Our study proposes to revolutionize heart disease prediction and intervention accuracy by leveraging extensive datasets and advanced data analysis tools. We plan to utilize machine learning algorithms and visualizations to develop a prediction model that helps the audiences to see whether they are in high risks of getting heart disease. We implemented interactive visualizations to help people understand our model outputs with various factors.
Our interactive visualization contains two parts.
First visualization is a map view, allow the audience to see the percentage of population getting the heart disease in different states.
Mouse hovering to each state, the audience can see the other detail information regarding health related conditions that might serve as heart disease indicators.
Second visualization consists of two line charts. First, you fill out the questionnaire:
Then, two line charts will be generated.
Note: The environment already included a pre-trained model from 2020
Unzip the data2020.csv.zip or heart_2022_with_nans to csv data.
Run regression_oversample.ipynb to load the data and train the model (You might need to check the correct data path)
In the main directory, run python http.server
.
Front-end website will be hosted at port 8000
by default.
In another terminal, run python server.py
Back-end server will be hosted at port 8001
by default.
In any browser, open Heart_Disease_Indicator/visualization to see interactive visualization and submit questionnaire after the server.py is hosted.
Note: To resolve the CORS (Cross-Origin Resource Sharing) conflict of our website due to our website and server are in different domains, you can use a browser extension in Chrome. One popular extension for handling CORS issues is the "Allow CORS: Access-Control-Allow-Origin" extension.
Model.py contains the code of logistic regression model.
- Data Processing: Standardize and encode features to prepare data for neural network processing.
- Architecture: Multi-layer architecture including three fully connected layers and a custom attention layer to enhance focus on critical features.
- Training: Utilize the Adam optimizer and cross-entropy loss function, employing backpropagation for model optimization.
- Output: Softmax function in the final layer provides probabilistic outcomes for disease presence.
- Data Processing: Similar preprocessing as the deep model to ensure compatibility with the logistic regression algorithm.
- Model Setup: Utilize logistic regression to directly model the probability of heart disease based on linear combinations of input features.
- Training: Employ cross-entropy loss and gradient descent for parameter estimation.

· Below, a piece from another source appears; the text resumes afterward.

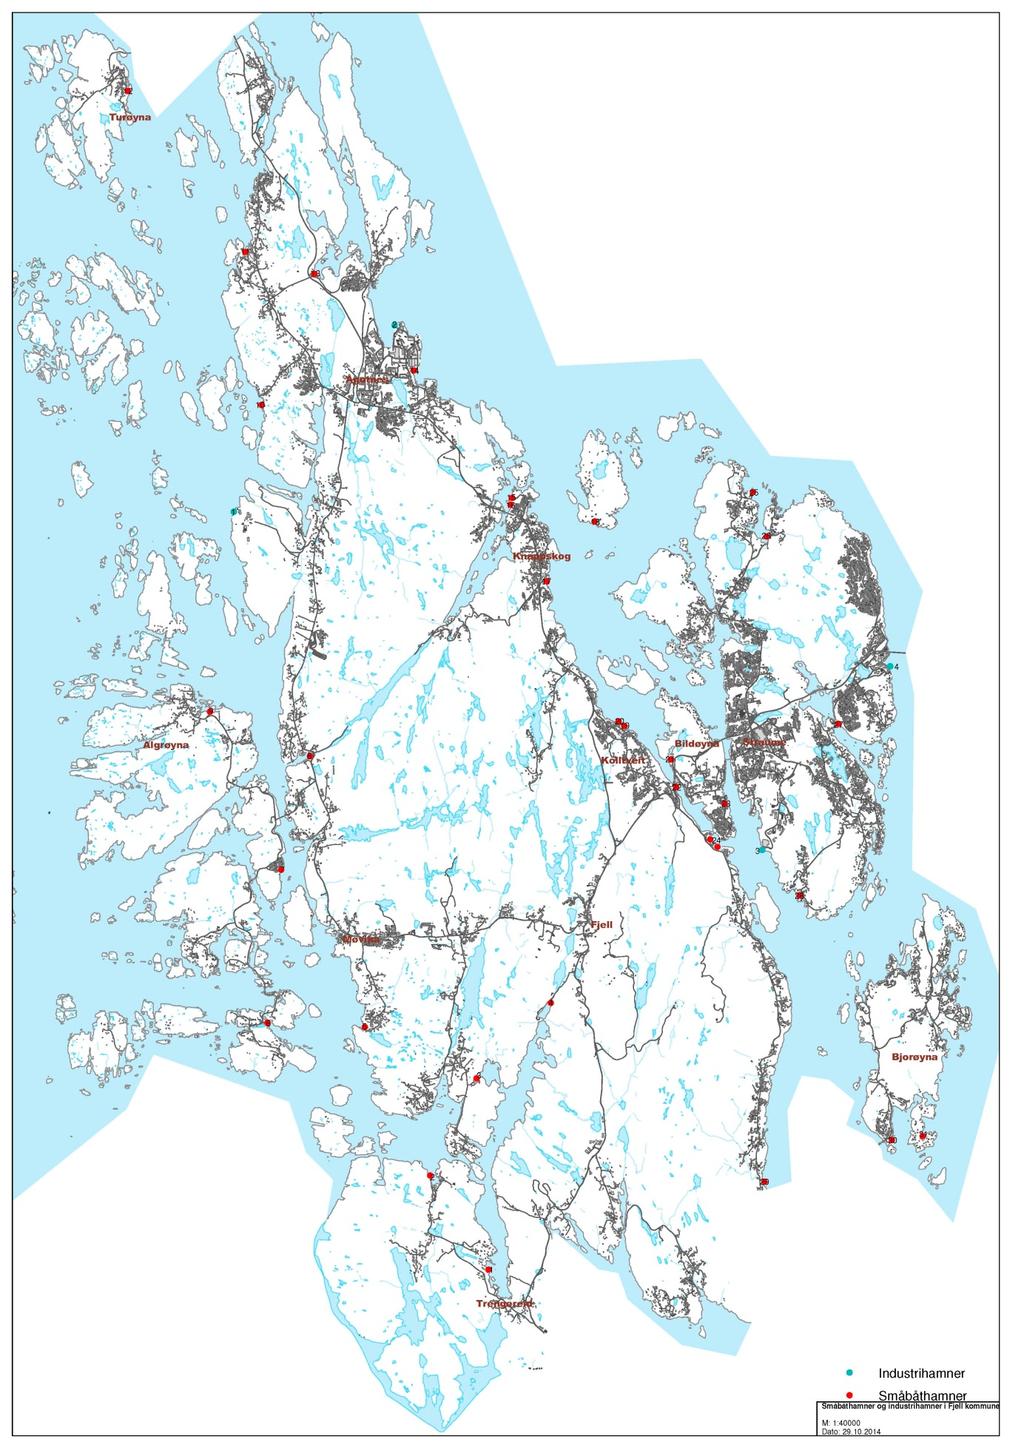 Vedlegg 2: Kart over småbåthamner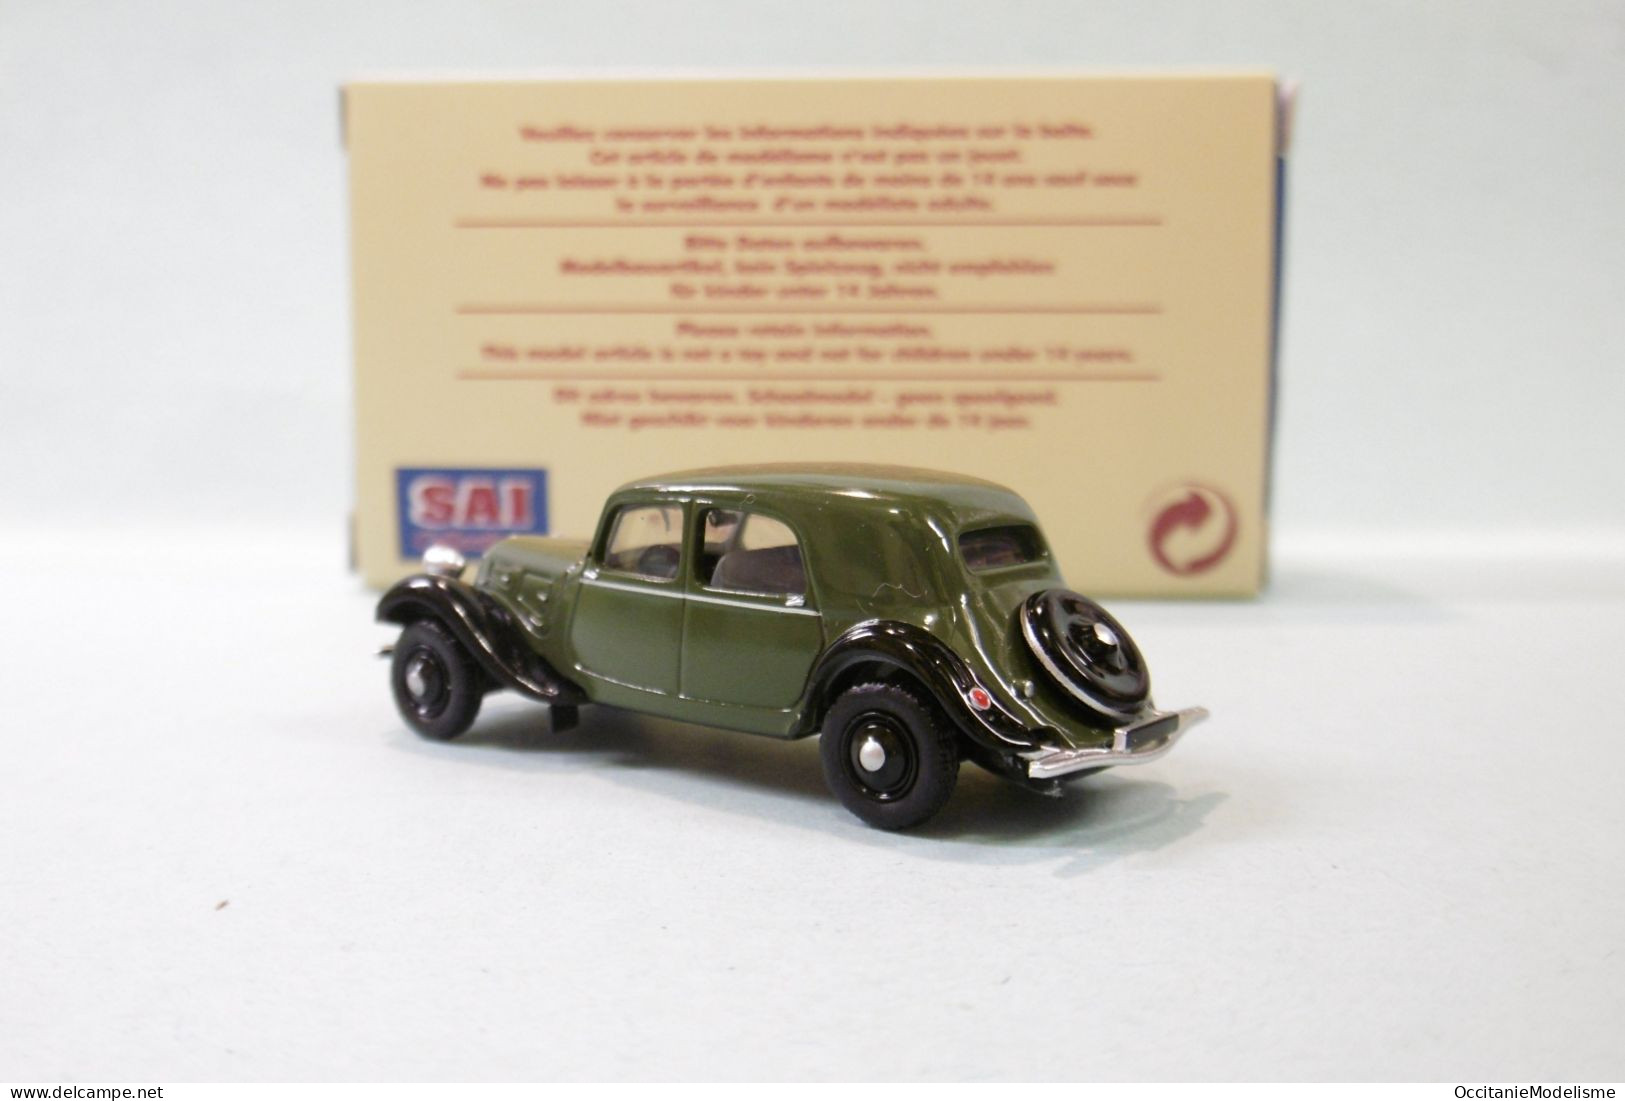 SAI Les Classiques - CITROEN TRACTION 11A Vert Olive Et Noir 1935 Réf. 6165 Neuf NBO HO 1/87 - Road Vehicles

- Output: Outputs a probability score indicating the likelihood of heart disease.
- Deep Learning Model: Captures complex patterns and interactions through deep neural structures, enhanced by attention mechanisms for prioritizing informative features.
- Logistic Regression: Offers a straightforward and computationally efficient approach, ideal for scenarios with limited data or computing resources.
These models are designed to address various operational settings, ensuring flexibility in deployment and applicability in diverse healthcare environments.